The following example code is for configuring a single service connection.

Note

If needed, you can configure multiple service connections. For an example, see Example 2: Configure two service connections.

import pyspark
from pyspark.sql import SparkSession

spark = SparkSession.builder.appName('iceberg_lab') \
    .config('spark.jars.packages', 'org.apache.iceberg:iceberg-spark-runtime-3.5_2.12:1.4.1,<maven_coordinate>') \
    .config('spark.sql.extensions', 'org.apache.iceberg.spark.extensions.IcebergSparkSessionExtensions') \
    .config('spark.sql.defaultCatalog', 'opencatalog') \
    .config('spark.sql.catalog.opencatalog', 'org.apache.iceberg.spark.SparkCatalog') \
    .config('spark.sql.catalog.opencatalog.type', 'rest') \
    .config('spark.sql.catalog.opencatalog.uri','https://<open_catalog_account_identifier>.snowflakecomputing.com/polaris/api/catalog') \
    .config('spark.sql.catalog.opencatalog.header.X-Iceberg-Access-Delegation','vended-credentials') \
    .config('spark.sql.catalog.opencatalog.credential','<client_id>:<client_secret>') \
    .config('spark.sql.catalog.opencatalog.warehouse','<catalog_name>') \
    .config('spark.sql.catalog.opencatalog.scope','PRINCIPAL_ROLE:<principal_role_name>') \
    .getOrCreate()
Copy

Parameters

Parameter

Description

<catalog_name>

Specifies the name of the catalog to connect to.

Important:
<catalog_name> is case sensitive.

<maven_coordinate>

Specifies the maven coordinate for your external cloud storage provider:

  • S3: software.amazon.awssdk:bundle:2.20.160
  • Google Cloud Storage (GCS): org.apache.iceberg:iceberg-gcp-bundle:1.5.2
  • Azure: org.apache.iceberg:iceberg-azure-bundle:1.5.2

<client_id>

Specifies the Client ID for the service principal to use.

<client_secret>

Specifies the Client Secret for the service principal to use.

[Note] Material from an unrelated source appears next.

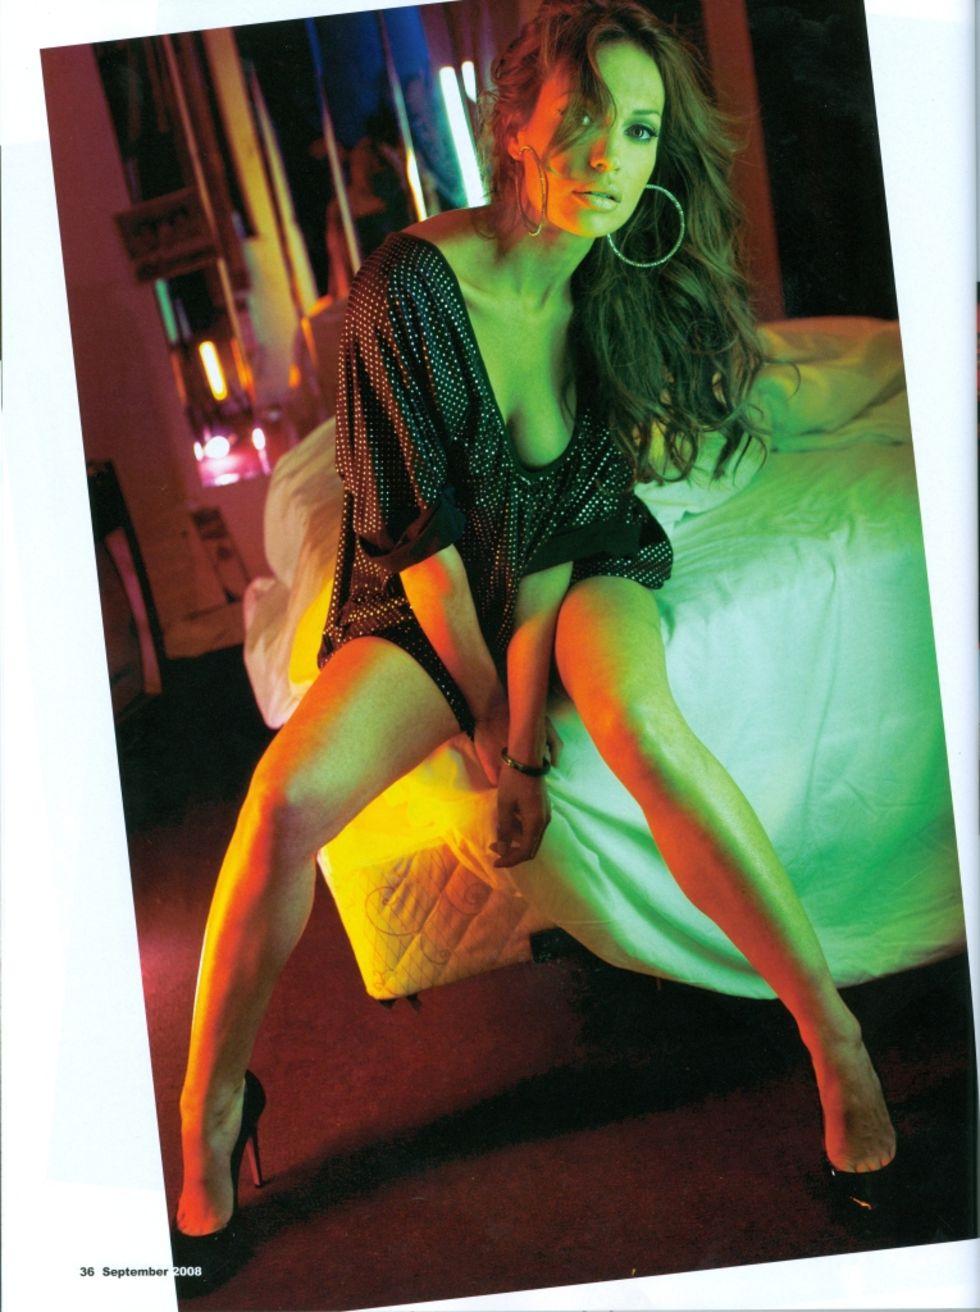 jolene-blalock-femme-fatales-magazine-september-2008-01
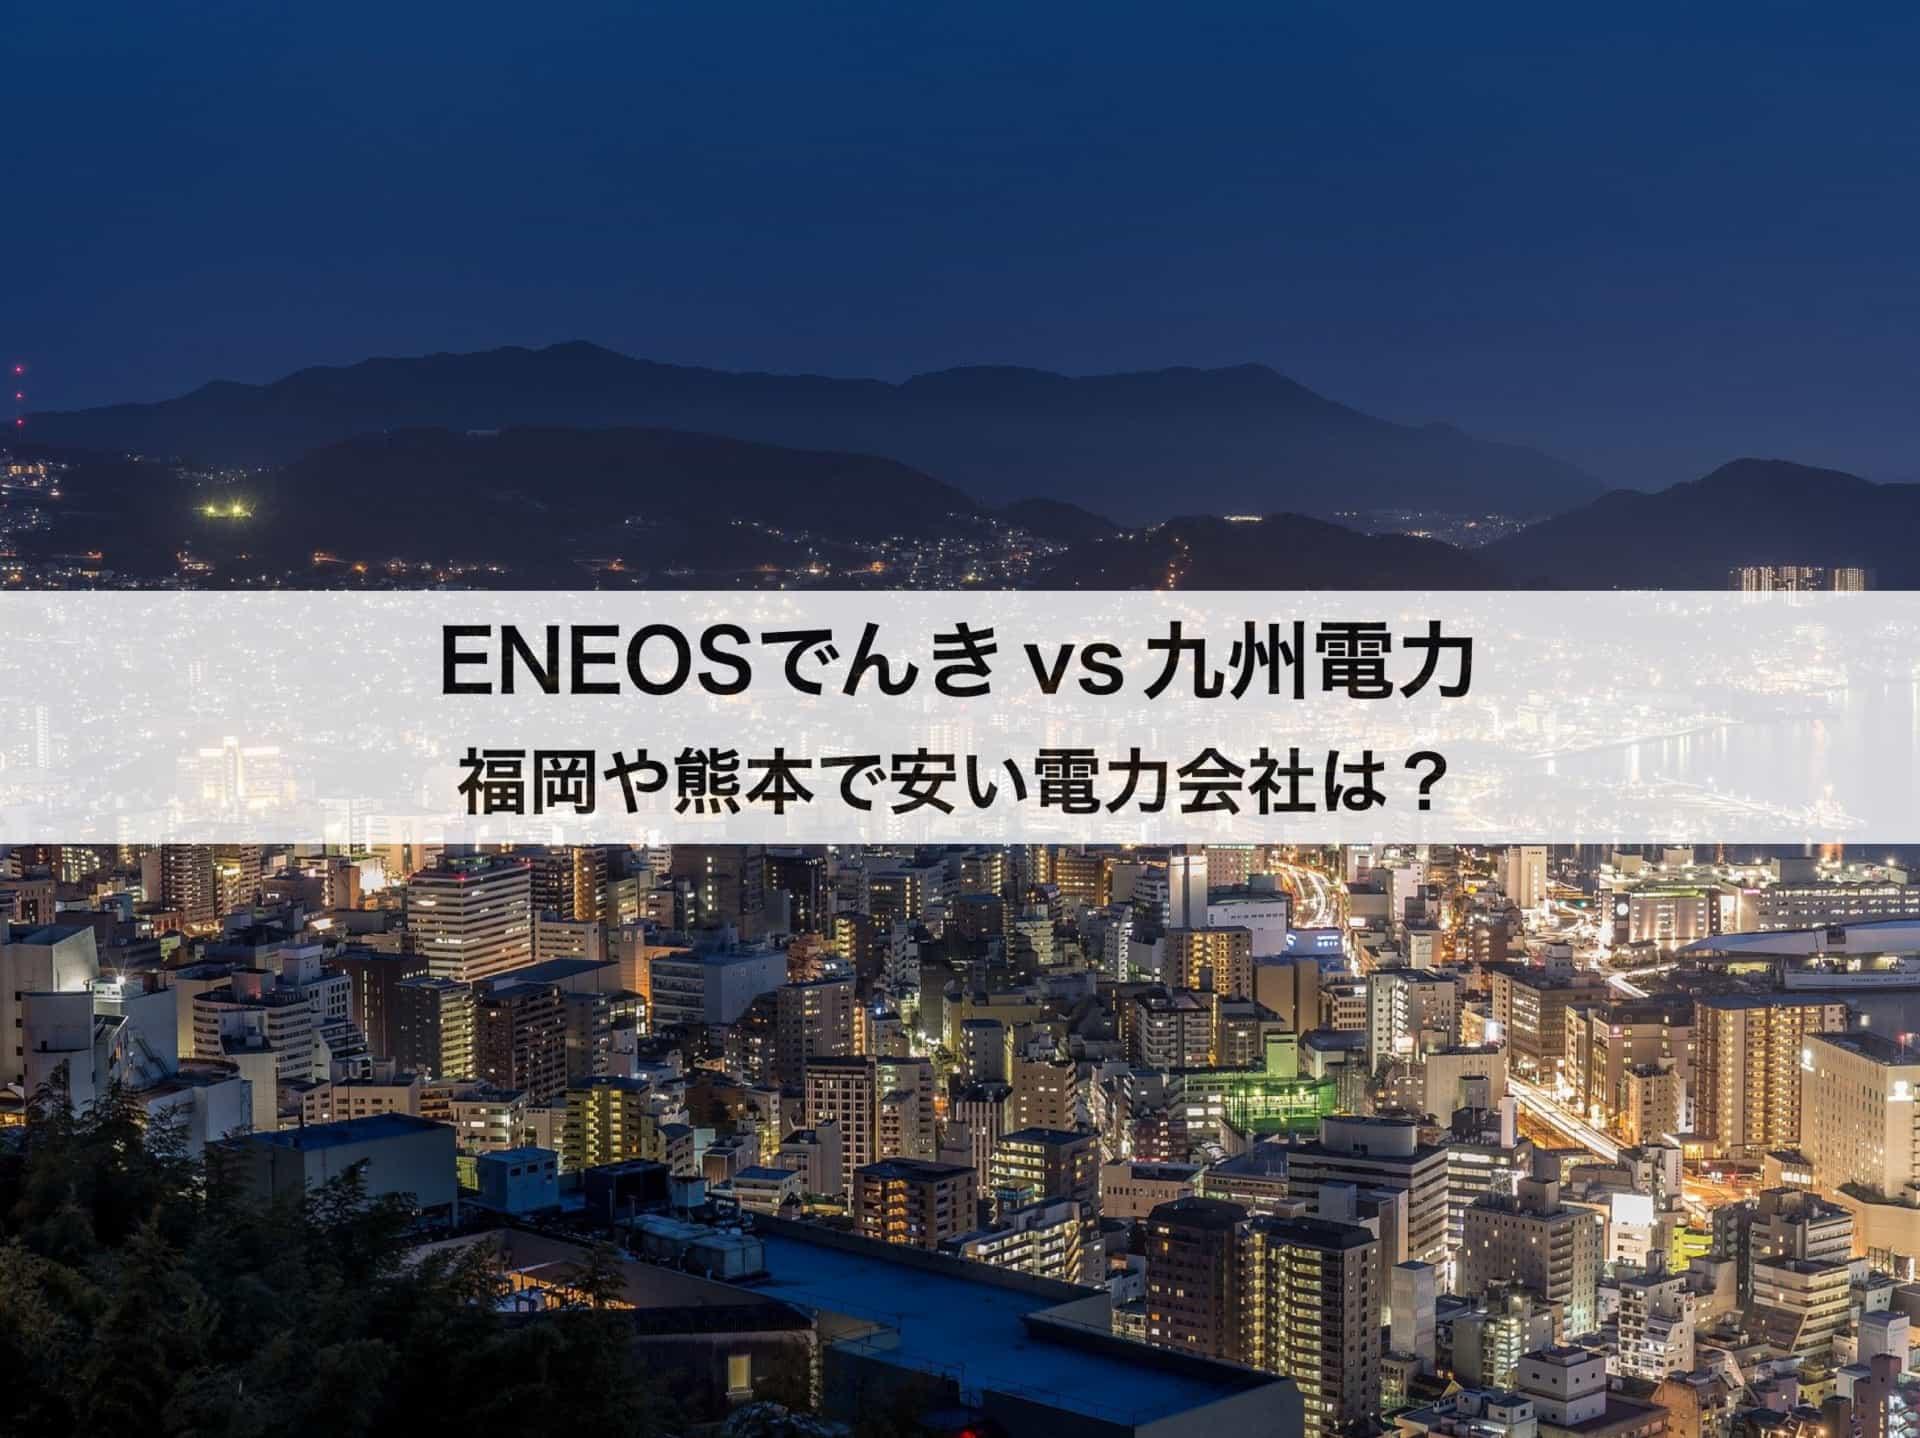 九州電力とENEOSでんきの料金を徹底比較 福岡や熊本で安い電力会社とは?

<open_catalog_account_identifier>

Specifies the account identifier for your Open Catalog account. Depending on the region and cloud platform for the account, this identifier might be the account locator by itself (for example, xy12345) or include additional segments. For more information, see Using an account locator as an identifier.

<principal_role_name>

Specifies the principal role that is granted to the service principal.

Configure a cross-region service connection (Amazon S3 only)

The following example code is for configuring a service connection when the following is true:

  • Your Open Catalog account is hosted on Amazon S3.

  • Your external storage provider is Amazon S3.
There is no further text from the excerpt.